Next, Hawking radiation itself is mostly electromagnetic. The numerous popular articles which say that Hawking radiation is particle/anti-particle pairs in which one of each pair gets swallowed by the black hole are misleading. Hawking radiation is almost entirely electromagnetic radiation---that is, photons. You can still use the language of particle/anti-particle, but it is a bit misleading.

If Hawking radiation is true why isn't the entire universe glowing?

This answer claims that Hawking radiation is just photons. Photons are EM neutral.

Now basically there are different interpretations of Hawking radiation, but what they mainly say is that the evaporation itself does not come from the black hole itself (nothing can escape the black hole), but from near outside the horizon.

Hawking radiation comes from the horizon, not from the black hole itself If you are worrying if your hypothetical black hole completely evaporates, i.e. no more horizon, it means that the electrons will just disperse due to the electrostatic repulsion, (once the body stops being a black hole).

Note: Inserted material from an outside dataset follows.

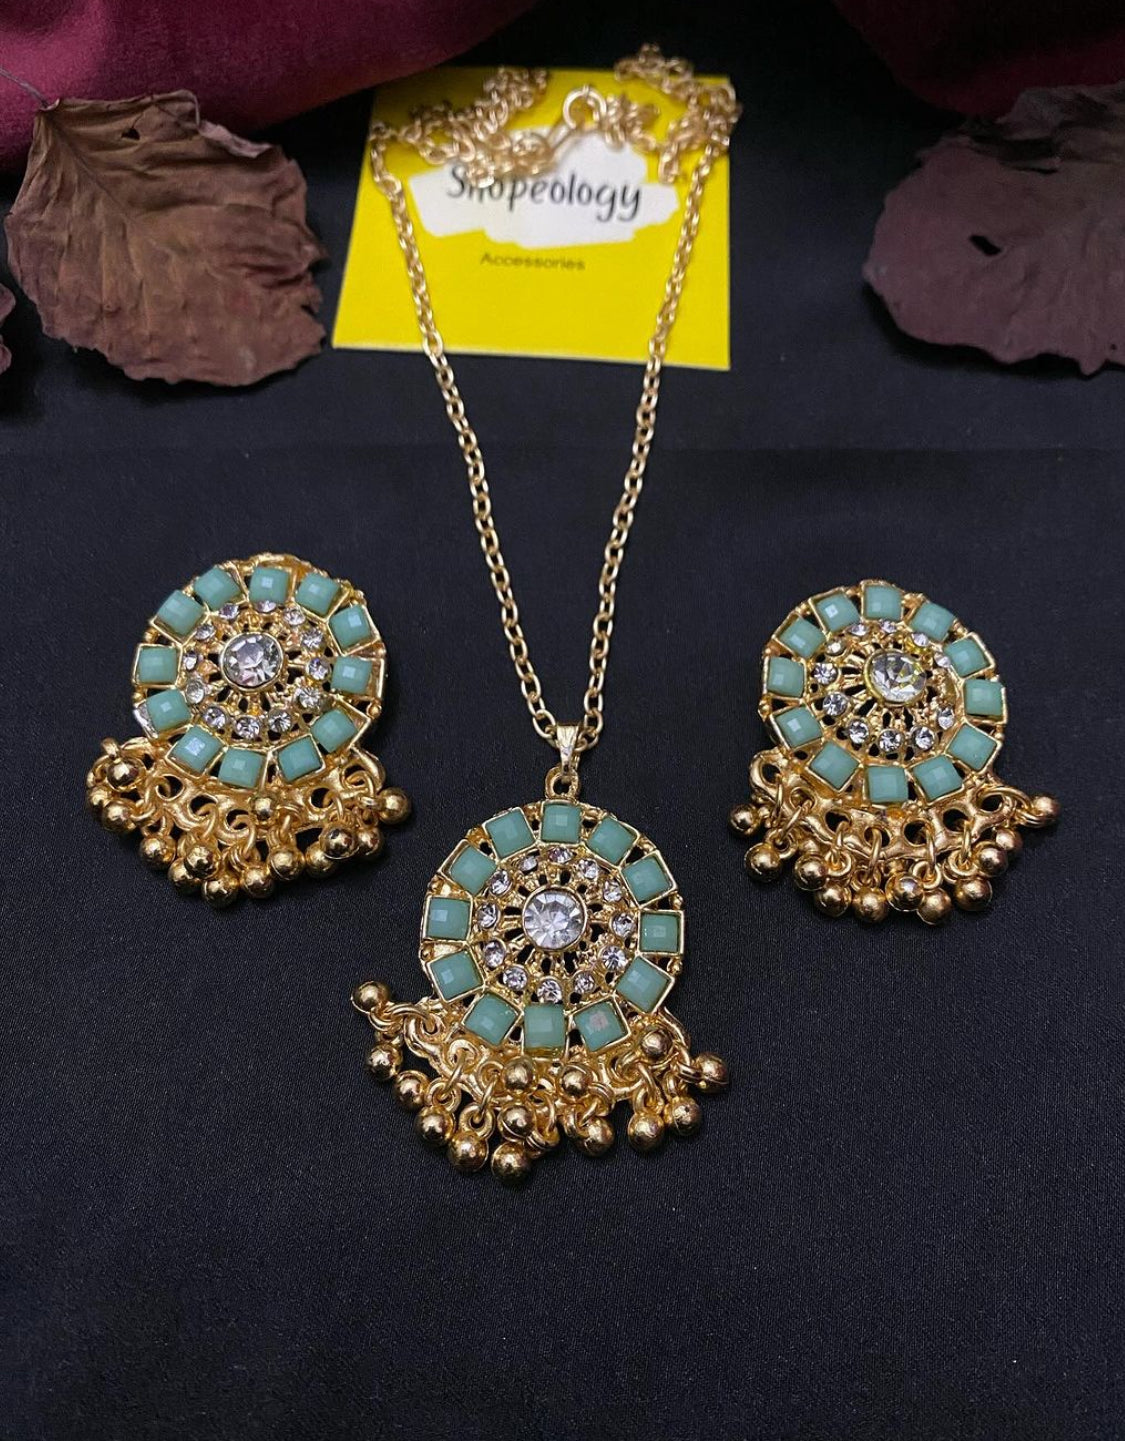 Gulnoor necklace set - Shopeology

Violation of the Law of Conservation of Charge in black hole?

Are electrons just incompletely evaporated black holes?

Now these answers claim that BHs evaporate in a way that their leftovers are basically charged particles, that is, the charge that the BH did not evaporate stays during evaporation, until the BH's mass is not enough to create a event horizon anymore, and the BH ceases to exist anymore, and the leftover electrons just disperse.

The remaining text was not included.